First attempts – January 2008

Francesco Canova da Milano (1497-1543) was the most famous lutenist of the 16th century, whose compositions continued to be admired and played 100 years after his death – in fact we still love them (for more about Francesco, and more of his music, including free scores, see my Francesco da Milano page).  The terms “fantasia” and “recercar” are interchangeable at this period, the pieces usually employing imitation of short phrases in different “voices” and exploring the possibilities of a particular theme.

What makes Francesco’s music so special is that although typically only two or three voices are sounding at any one time, he gives the illusion of more voices by introducing his themes in different registers. This means the player can concentrate on playing expressively without having to struggle too hard to keep all the balls in the air!  The lute I’m playing here is based on the Gerle lute (no. 3 in my catalogue).  I made it in 1985, so it has had some time to mature.  It is strung all in gut, with octaves on courses 4-6. The 5th course is a pistoy from Dan Larson and the 6th is a “Real gut” string from George Stoppani.

Fantasia (Ness 41):

Recercar (Ness 10):

Recercar (Ness 15):

Same lute, different style of music – English, anonymous, from the 1590s, a set of variations on the Spanish Pavan (Welde lute book, f.1 and Dd.9.33, f.82v.):

Recording data:  Zoom H2 using the built-in mics at 90 degrees, about .5m in front of the lute; WAV format at 48KHz/24-bit; reverb added using Nero Wave Editor (reverb time 1000ms, room size 385 sq.m., brightness 70%, dry signal 0dB, effect -4dB), and reduced to MP3 format 128Kbps.  The room I recorded in has a hard floor and lots of glass and a high ceiling, so is fairly lively.

A comparison of three different-sized lutes – February 2008

In the past, many different sizes of lutes were made.  Today, lutes of about 60cm string length tuned in G are by far the most common, but I think we should be more adventurous!  Here are three different lutes playing the same short piece – A recercar by Francesco da Milano (Ness 4):

The first lute is 67.3cm string length, tuned in E, the second is 53.5cm tuned in A (no.1 in my catalogue) and the third is 60cm tuned in G.  All three are strung completely in gut.  The E lute has a unison 4th course and a 7th course (not used in this piece), the other two have six courses and octaves on courses 4-6.  The basses on the A lute are “Venice” strings from Aquila.

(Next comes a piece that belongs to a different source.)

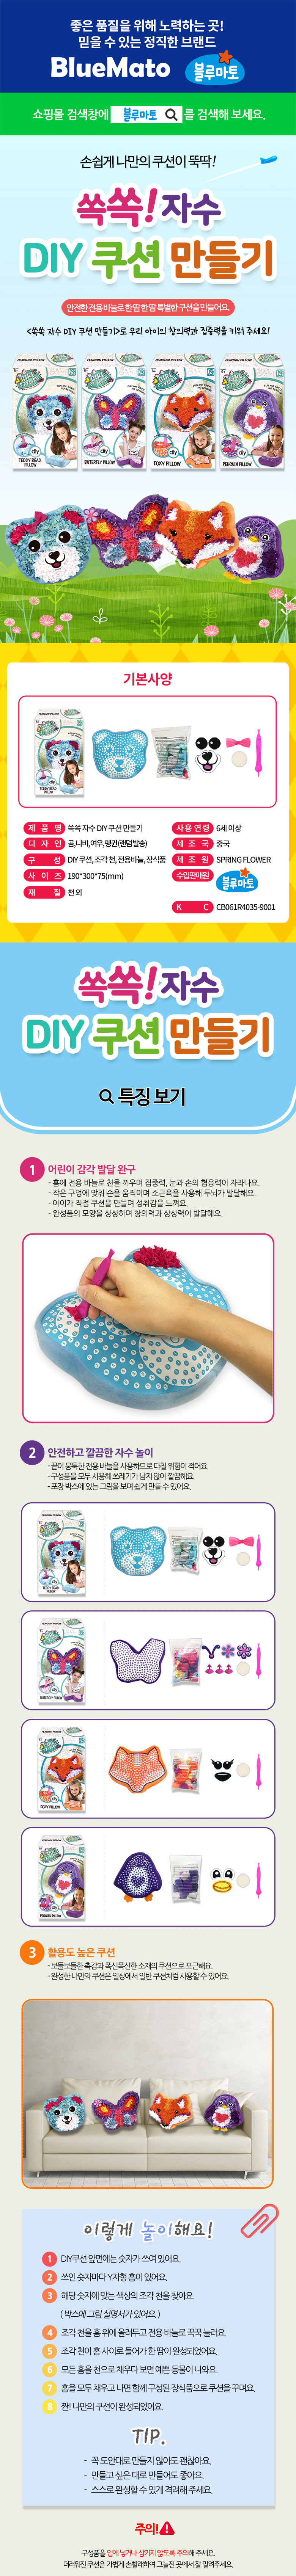 쏙쏙 자수 DIY 쿠션 만들기-랜덤발송 - 블루마토, 16,060원, 펠트공예, 펠트인형 패키지

Recording data:  distance  .7m;  44.1KHz/16-bit; reverb: 1250ms,  -8dB).  This room has a drier acoustic.

The Frenchification of the lute in the early 17th century – April 2008

French dances, especially the courante, were to become a popular vehicle for ingenuity of both dancers and musicians.  This piece by René Saman (fl. 1610-31), lutenist to Louis XIII, is found in some English sources and is typical of the new style which was much imitated by English musicians:

 The lute is a nine-course lute, again strung completely in gut.  See my catalogue (7-9 courses, no.6) for a similar instrument.

The influence of choral music on lute music – May 2008

From the earliest days (in the 15th century) of playing with their fingers rather than a plectrum, lutenists were keen to play the best music by the best composers, and that largely meant music for voices by church-based musicians.  But they also used these pieces as inspiration for their own compositions – in this case the lutenist has taken the opening theme of the motet Verbum iniquum by Cristóbal de Morales (c.1500 -1553) as a starting point (see the score).

Fantasia by Benedict de Drusina (1556):

A quick burst of Dowland – June 2008

An invitation to contribute some pieces to a sadly now-defunct website dedicated to John Dowland (1563-1626) resulted in some recordings of a few short pieces – there will be more to follow, including some longer and more elaborate pieces.  This is the same six-course lute as above, but at least it’s a different style of music!

Dowland’s Galliard:

Galliard (Awake sweet love):

Lute duets c.1600 – July 2008

A visit from my old friend Stewart McCoy prompted a couple of scratch performances of two favourite lute duets.  “Larossignall” [le rossignol=the nightingale] is anonymous.  “My Lord Willoughby’s Welcome Home” is a lute solo by John Dowland with a second lute part added (by Dowland or anon.) to turn it into a duet.